Importantly, Uber will only guarantee the minimum wage and calculate accrual of pension contributions and holiday pay when drivers are completing a job, from the moment they pick up a passenger to when they drop them off.

This is not in line with the Supreme Court's judgment which agreed with a 2016 tribunal ruling that drivers should be classified as workers (and be entitled to the rights mentioned above) from the moment they log in to the app and are ready to work. Uber argues that drivers now have more freedom than they did in 2016 so its new terms are fair.

The point is significant because one of the complaints made by lead claimants James Farrer and Yaseen Aslam was that Uber has allowed too many drivers onto the platform, pushing fares down and leaving drivers without passengers for longer periods.

If Uber were to guarantee minimum wage from the point that drivers are ready to work rather than only the duration of trips, the company would have an incentive to keep driver numbers in line with demand.

With drivers paid only during trips, Uber has no such incentive. Drivers must bear the risk that they may be sitting, unpaid, for extended periods.

The changes do not apply to couriers for the Uber Eats food delivery platform, who are still classified as self-employed.

Paul Jennings, a partner at Bates Wells who acted for the claimants, said he was concerned that Uber is looking to “cherry-pick” aspects of the Supreme Court judgment.

“We will be poring over the detail of the proposal,” he said.

Rachel Mathieson, a senior associate at Bates Wells, said Uber may have to further change its business model to comply with the court’s ruling.

Professor John Colley, associate dean of Warwick Business School, said Uber is still failing to meet the legal requirement to pay the minimum wage.

He said: “This certainly presents the picture that ride hailing and food delivery firms are less about technology, which after all is not proprietary, and more about paying workers less than the law requires for the hours they are logged on. Perhaps that is where their competitive advantage really lies.”

So has Uber complied with the Supreme Court’s ruling?

The Supreme Court’s ruling upheld a 2016 decision by the employment tribunal. It applied to the circumstances at that time and Uber has made some changes since then.

It has stopped banning drivers from being logged into rival apps or “sin binning” drivers by logging them out of the app for a period of time if they reject rides offered to them.

The removal of these restrictions would be taken into account by any future tribunal looking at whether Uber grants drivers adequate workers’ rights.

“It will probably be an uphill struggle to persuade a tribunal that waiting time under the current terms counts as working time for pay purposes,” says Russell Dann, Associate at Clarkslegal.

Now that they are classified as workers, drivers also have the option to unionise.
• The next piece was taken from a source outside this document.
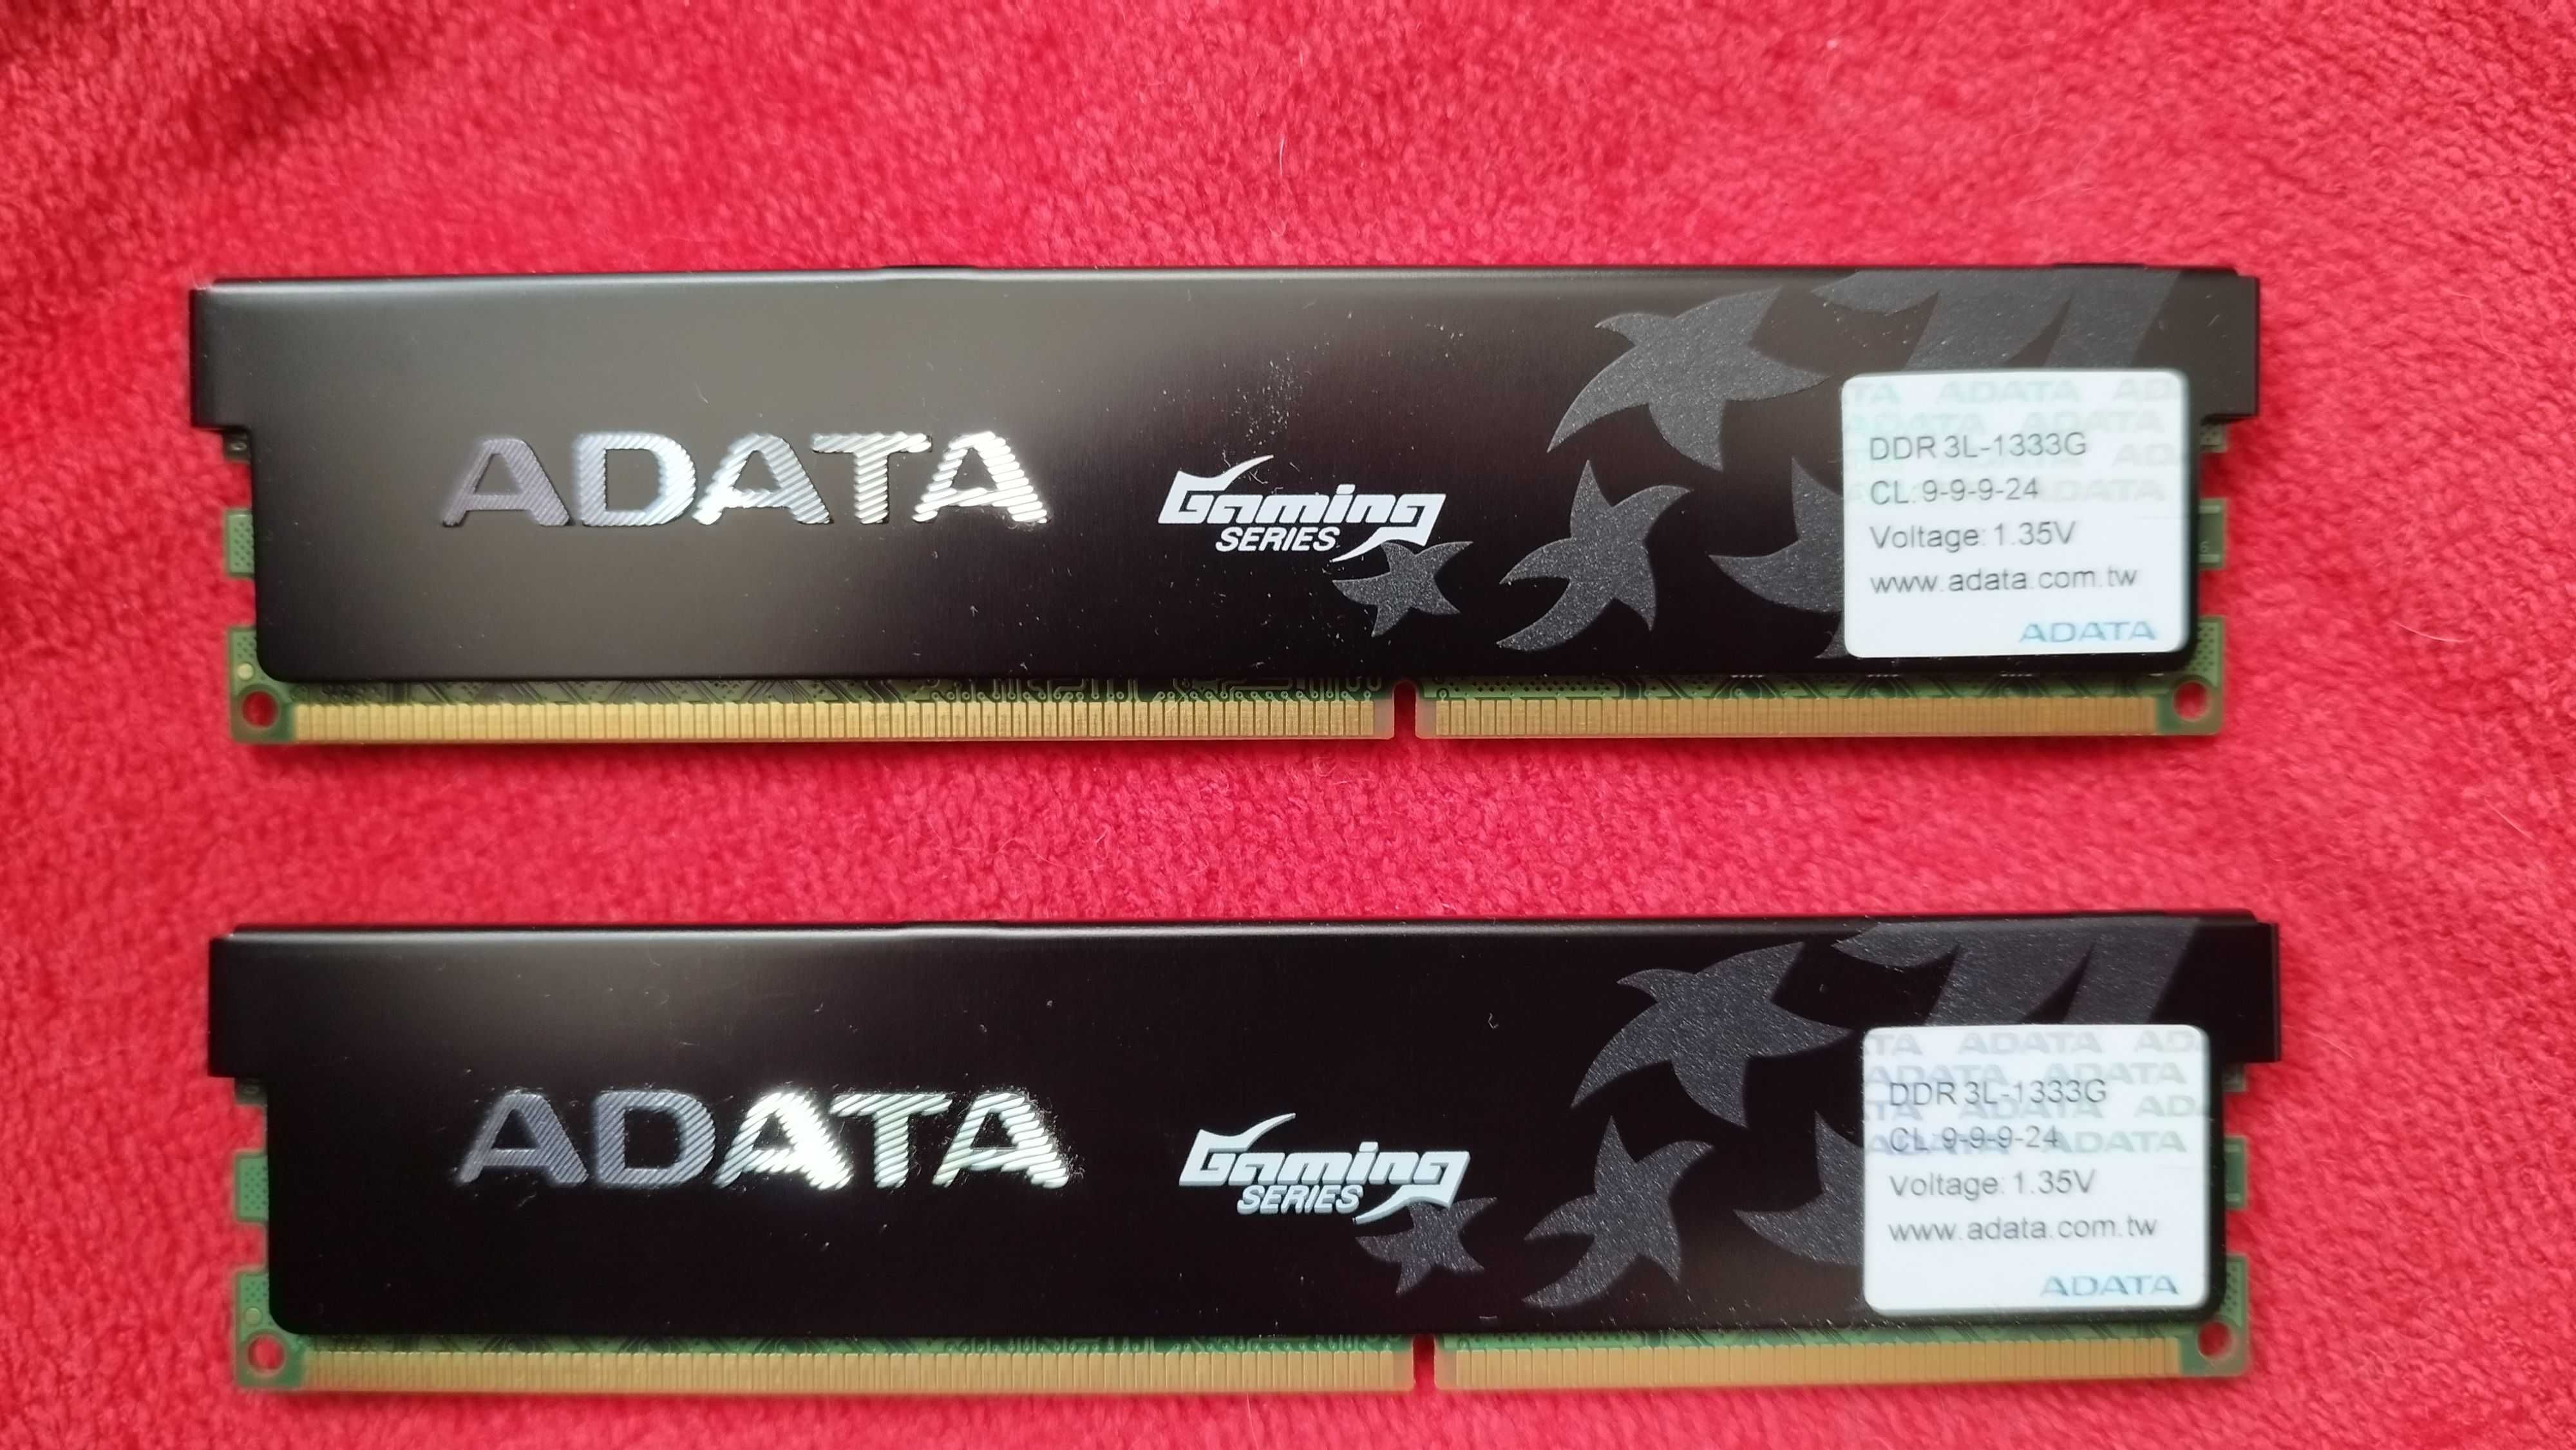 Intel 3570K + ASrock Z77 Extreme4 + 12GB RAM DDR3 + Scythe Ninja Plus!

The Trades Union Congress (TUC) has called on Uber to recognise a union so workers can bargain collectively over pay and conditions.

What does it mean for fares?

Uber has insisted that fares won’t go up but changes to drivers’ working conditions and benefits in California did see prices rise.

Given how hard Uber has fought for six years against drivers it is fair to conclude that the company had a financial interest in not offering basic employment rights.

For a services business with 70,000 workers, employment costs are one of the biggest outgoings. Uber’s share price fell 5 per cent on Wednesday indicating that investors don’t believe the positive spin and might think the company faces higher costs or lower margins – and not just in the UK.

Impact on gig economy

Technically the Supreme Court’s judgment applied only to a relatively small group of drivers but Uber has accepted the inevitable and applied changes to its whole UK workforce. Employment law experts expect other companies to change their terms if they currently operate a similar model to Uber and currently classify workers as self-employed contractors.

Uber faces a large bill for back pay and compensation from drivers who had been classified as self-employed. For other companies, failing to offer the rights that come with worker status risks building up a bill to be paid at some point in the future.